[[ INPUT DATA open ]]

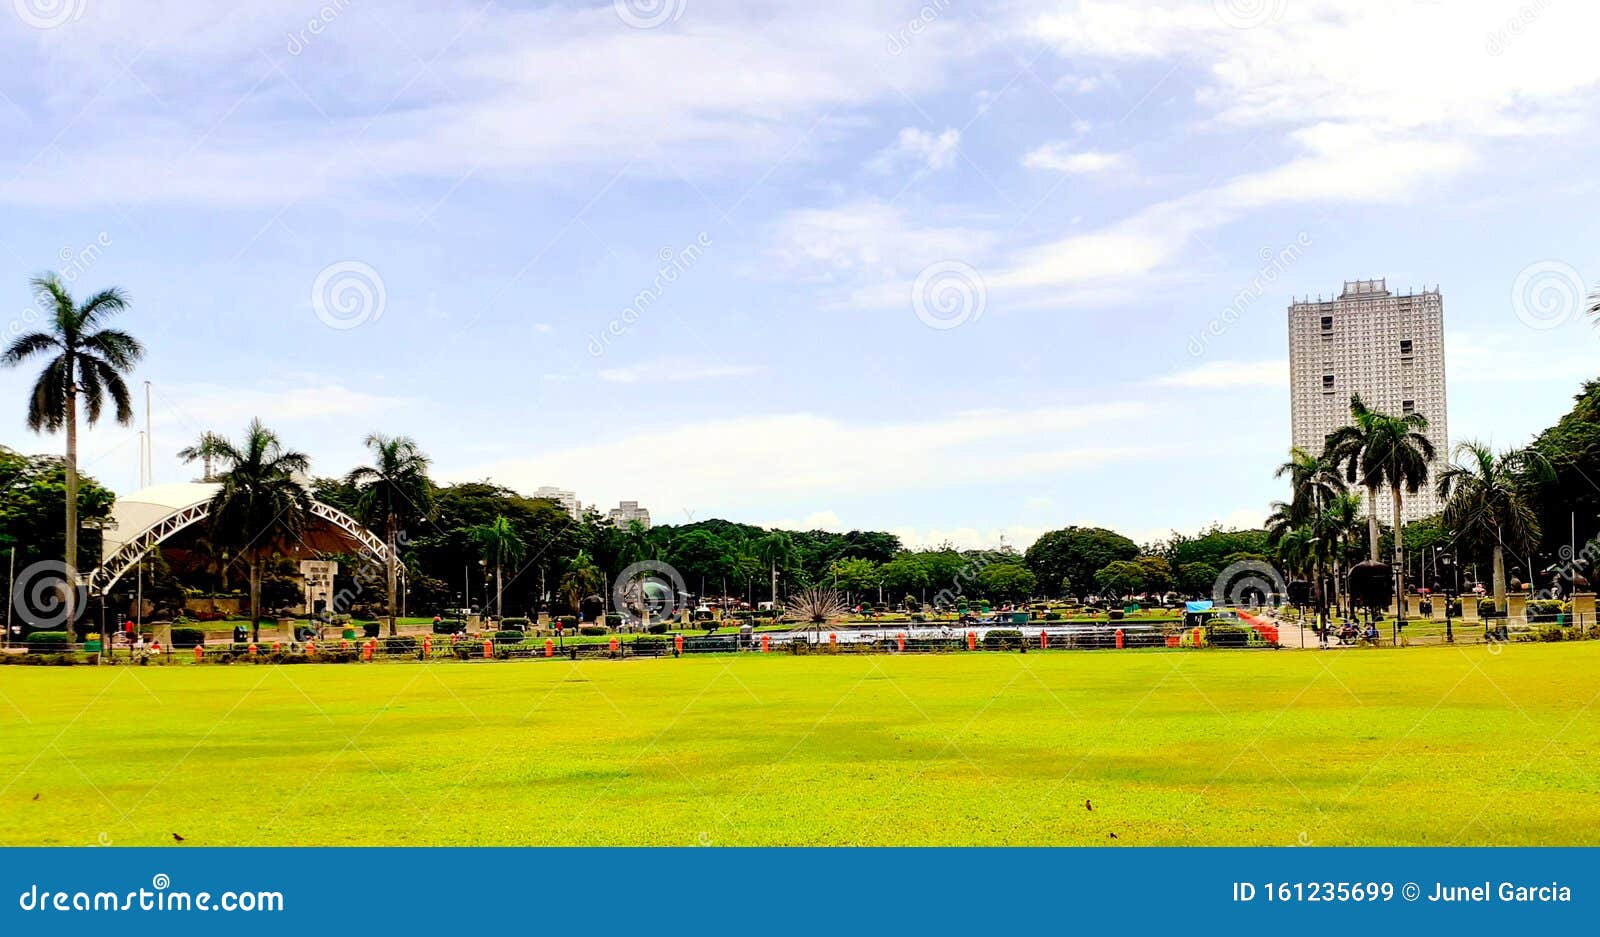 green plains of the historic luneta park capturing the famous photo bomber building
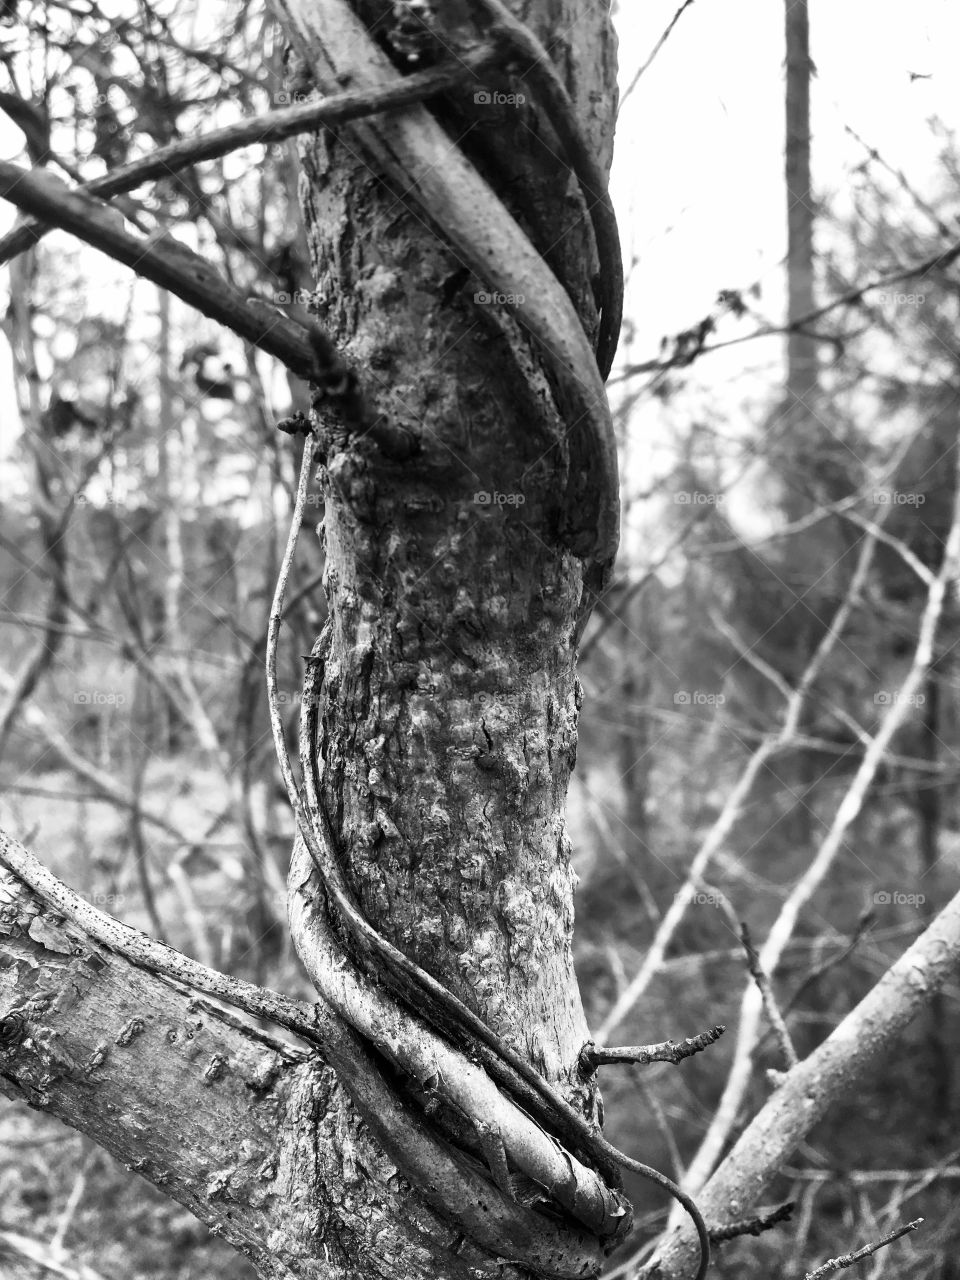 Black and white image of a tree wrapped by vines
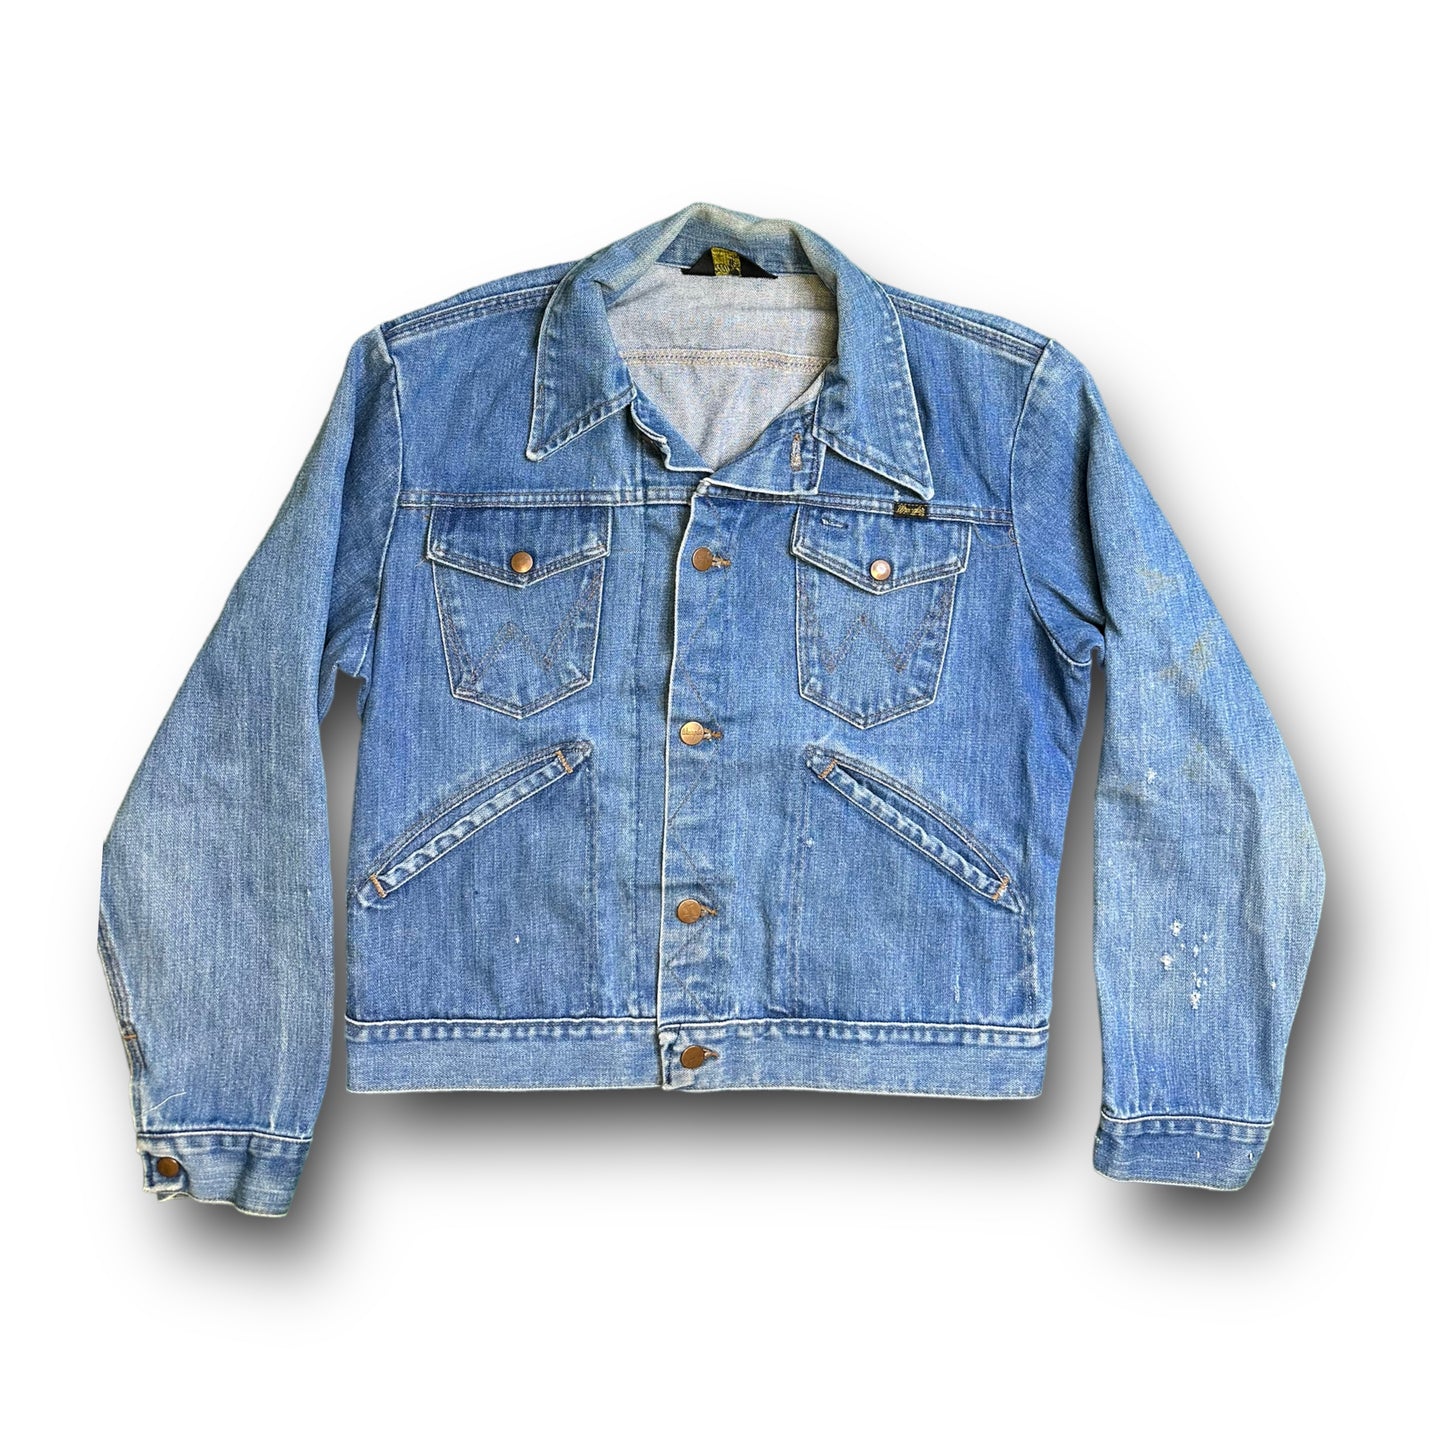 90s Women’s Patched Wrangler Jean Jacket (M)
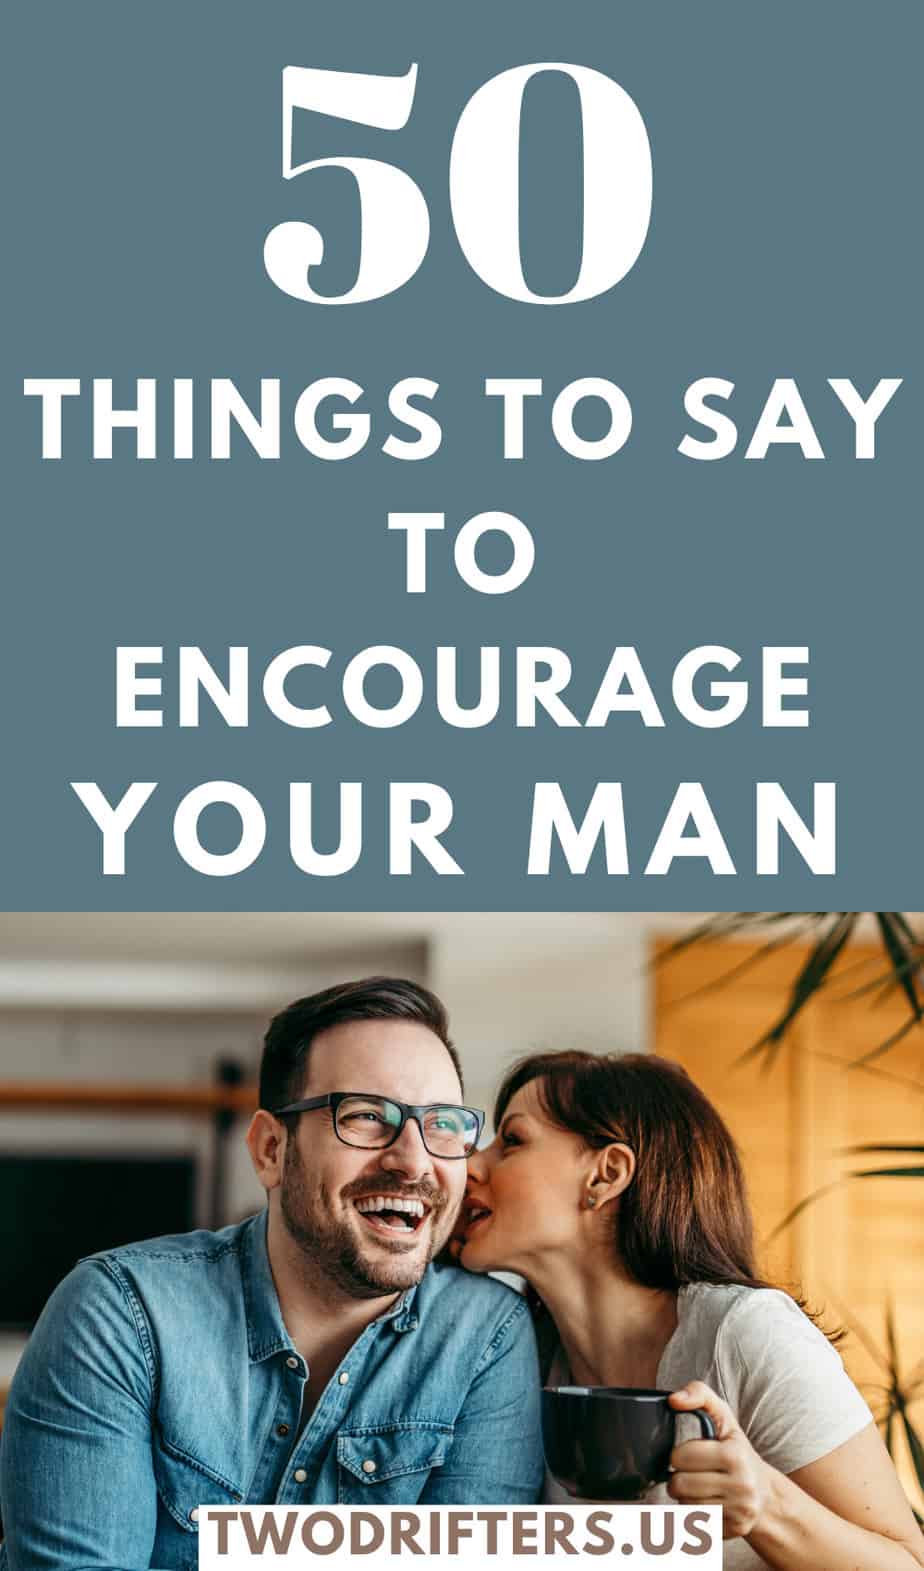 Pinterest social image that says "50 Things to Say to Encourage Your Man."

[[ INPUT DATA closed ]]

__EXERCISE DESCRIPTION__
The material above is to be set down exactly, with pictures removed.

__OUTPUT FOR THIS TASK__
 green plains of the historic luneta park capturing the famous photo bomber building
 Black and white image of a tree wrapped by vines
 90s Women’s Patched Wrangler Jean Jacket (M)
 Pinterest social image that says "50 Things to Say to Encourage Your Man."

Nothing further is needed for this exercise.